Random Thoughts a Week Out from Western States

A few days ago, I crunched the splits from my race at the North Fork 50K on June 4 and, boy, I sure liked what I saw. At mile 20, I was in 18th place out of a field of about 130. From miles 20-32, I ran the 4th fastest split of all the 50K field, moving up 10 places to finish 8th out of 128. The folks who ran a faster final 12 miles were the 1st (4 minutes faster), 2nd (1 minute faster), and 3rd (1 minute faster) place finishers.

This is just more proof that going out conservatively usually works on most courses. By the same token, it also proves that going out too fast in a race usually backfires (which is one reason why I was able to move up so much in the last 12 miles). It all gives me confidence that this strategy will work at Western States, a race that rewards patience. If you don't exercise patience, well, the "Killing Machine" will get you at some point...usually after Foresthill.

So, on race day, in the first third, I will be going out at a relaxed pace.
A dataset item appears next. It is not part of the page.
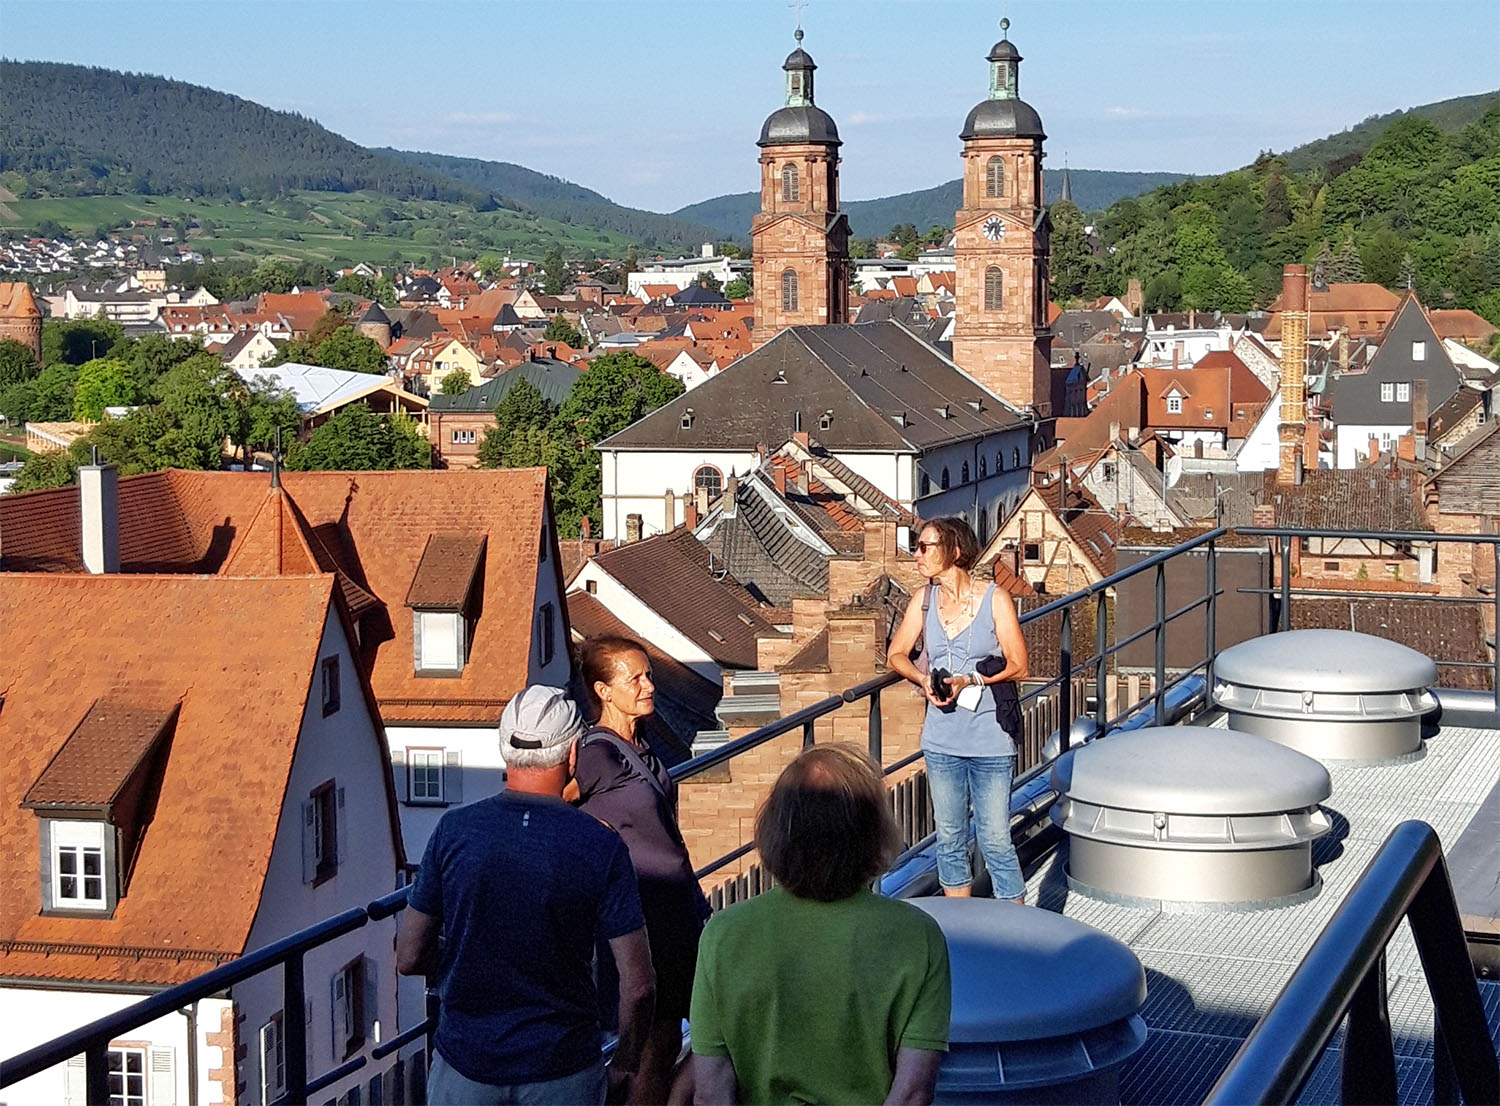 Auf der Dachterrasse der Brauerei, in der das Testsieger-Bier des Bieradlon 2022 gebraut wird: die Faust-Brauerei in Miltenberg. Im Hintergrund Teile der historischen Altstadt
Bild: Bertram Giebeler

I will do all I can to ignore the hype and instead focus on my own race. In the middle third, the goals will be to keep it relaxed and, above all else, stay cool mentally and physically, because it's going to be hot. As of now, the forecast has Foresthill at 89 degrees and Auburn at 96 degrees. The canyons will be a few degrees warmer. I will have 3-4 water bottles with me. One will be just for dousing myself with creek water and the others will be for drinking.

Approaching the race in this fashion will ideally bring me into Foresthill (mile 62) with strong legs, which are what you need in the last 38 miles when the trail is so runnable and downhill. It's in these final 38 miles, as I've read it, that the carnage is epic and those who went out too fast find themselves in the pain cave and those who've shown restraint can open it up and gain ground. My only hope is that I am not among the carnage! I know that if I run a smart race, I can run well in the final 38 miles.

I don't pretend that the race will go off without a hitch. Problems will arise. I may even puke a few times. I am sure I'm going to find myself quite hot at times. The key will be to stay calm and fix the problems as best as we can. But, above all else, it comes down to having fun. This is Western States.

In the end, I know I trained well. Could I have done a bit more climbing? Yes. But overall I had a good training cycle and put in some good mileage for a guy who works full-time and has responsibilities as a dad and husband. Plus, by race day, I will have put in 11-12 quality sauna sessions.

Speaking of sauna sessions, they are getting easier. This week I've been using the sauna at Lifetime Fitness. Their sauna tops out at 185 degrees and I've put in two half-hour sessions (this week), drinking 60 ounces of water in each. The breakthrough I have made as far as recovering from sauna session is taking an S!Cap beforehand and another S!Cap afterward. I have found that, if I do that, the next day I wake up feeling fine--no washed-out feeling, no headaches, no grogginess.

Another factor in all of this is that I'm experienced. This is my twelfth hundred and I fully intend on it being my tenth finish at the distance. I have big-buckled four times at Leadville, which is not exactly an easy hundred. Also, it's not like I don't have experience in the heat. The 2007 Burning River 100 and 2008 Mohican 100 were no walk in the park. As I recall, both saw temperatures over 90 degrees (along with high humidity).

I wish everyone who will be running Western States all the best. I look forward to meeting the Western States community next weekend and to running the most storied course in all of ultra. Only about 370 of us will have this opportunity and I intend to take full advantage of it, soak it all in, and be grateful. 

I'll try to update my blog one more time before raceday. See you in Squaw.